Introduction to Scikit-Learn in Machine Learning

Everyone wants a solution, and reinventing the wheels is never a better choice. So, we slightly change the existing algorithms and build solutions using them. That’s where ML Frameworks come into the picture, and Scikit-Learn is one of them. 

What is Scikit-Learn?

Scikit-learn is a free machine learning framework available in Python, providing an interface for supervised and unsupervised learning. Its free nature makes it more popular and accessible. It is built over the SciPy library and provides every feature catering to every ML requirement. We will be using Scikit-learn for demonstrating and analyzing different models in our curriculum. So, this blog is to help us familiarize ourselves with the essential things we should know in this.

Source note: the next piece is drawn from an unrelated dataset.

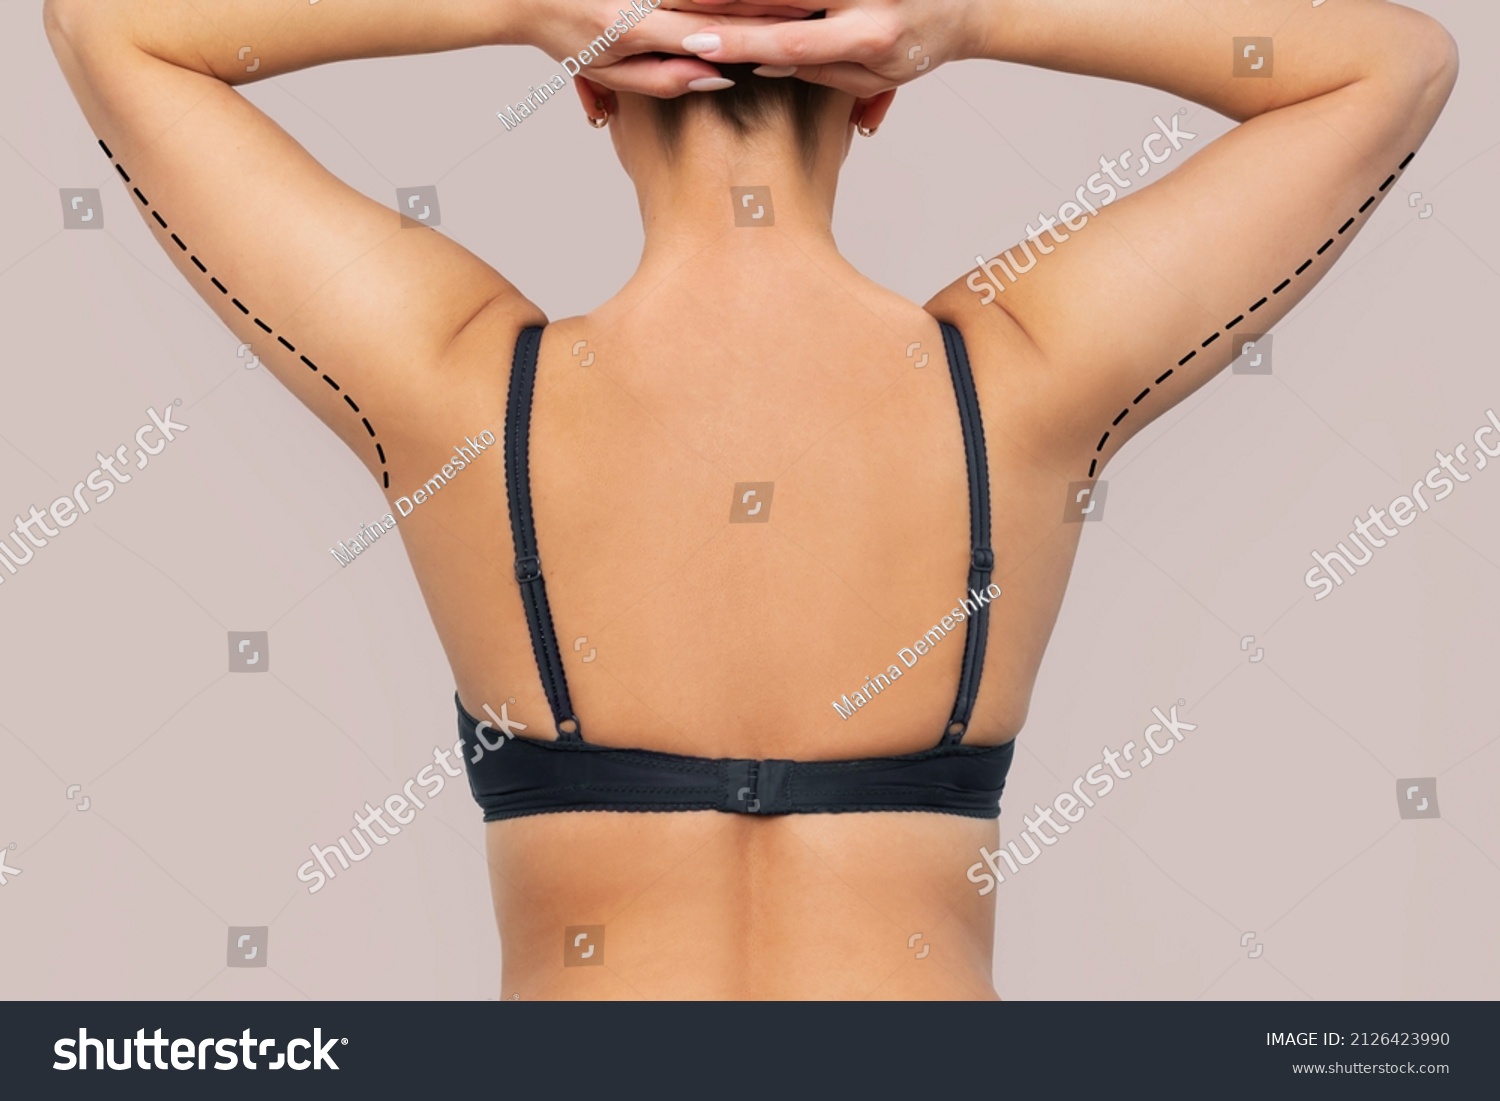 Cropped shot of a young woman with excess fat on her upper arm with marks for liposuction or plastic surgery isolated on a beige background. Loose and saggy muscles. Overweight. Beauty surgery concep #2126423990

Note: Scikit-learn has many tools and features, but we will prioritize specific features per our requirements. For installation-related instructions, we can refer to the make system AI-enabled blog.

Scikit-learn capabilities

Key concepts covered in this blog

  • Dummy Data Availability
  • Pre-processing Modules
  • Feature Engineering Modules
  • Model Building Modules
  • Model Evaluation Modules
  • Complete Pipeline Creation Modules.

So, let’s start with Data availability.

Data Availability

Data is the heart of machine learning, and data and the purpose of using ML are indeed user-specific. Still, learning Machine Learning has a lot to do with understanding model behavior on different datasets. Data collection, cleaning, and labeling are expensive processes. But if that were the case, it would have become a hurdle for many beginners as they might not have the data.

To begin the journey in Machine Learning, the Scikit-learn library provides a large set of datasets that are freely available as support and can be directly imported. There are different classes of the dataset, and one of them is the toy class. Some of the standard ones in this class are:

  • Fisher-Iris dataset: This is the most common dataset where Sepal/Petal length/width is recorded for three flower species.

Scikit-learn's Iris dataset visualization

  • Hand-digit recognition: Image dataset of the handwritten digits.

Scikit-learn's Handwritten digit recognition dataset

  • The breast cancer dataset: A dataset where the presence of malignant or benign types of cells is marked as per different features. 

Scikit-learn's breast cancer dataset

  • The wine recognition dataset: A dataset where the quality of wine is marked according to different attributes.

Refer here to check out all the datasets in this category. Apart from the toy dataset, there are some real-world datasets incorporated in this library which comprise:

  • Olivetti faces dataset from AT&T: Dataset containing face images taken in 1992–1994. 
  • Newsgroups text: A textual dataset for text-related tasks.

And similar datasets are prepared from real-world scenarios that we can find here. It even allows users to generate data randomly based on their requirement of testing the developed model.

As we know about the datasets, let’s quickly see how we can load them for our use.

from sklearn.datasets import load_iris
iris = load_iris()
X,y =,
features = iris.feature_names
labels = iris.target_names
print('Available Features :',features)
print('Categories :',labels)

Print results of above code snippet

Load and View Sample data

The above code shows how to load and view the attributes of a sample dataset (iris flower) from sklearn.datasets. The total number of feature points in each category is shown in this code. Use the command dir(sklearn.datasets) to check all the datasets provided by this package. It also offers the option to generate entirely new data.

import sklearn
  • The functions make_moons or make_circles from sklearn.datasets can be used to generate 2-dimensional datasets that can be used for either clustering or classification models;
  • make_classification can be used to generate datasets for classification models with any number of features and output class;
  • make_regression can generate datasets for fitting regression models with any number of input features and informative features for generating output by a linear model.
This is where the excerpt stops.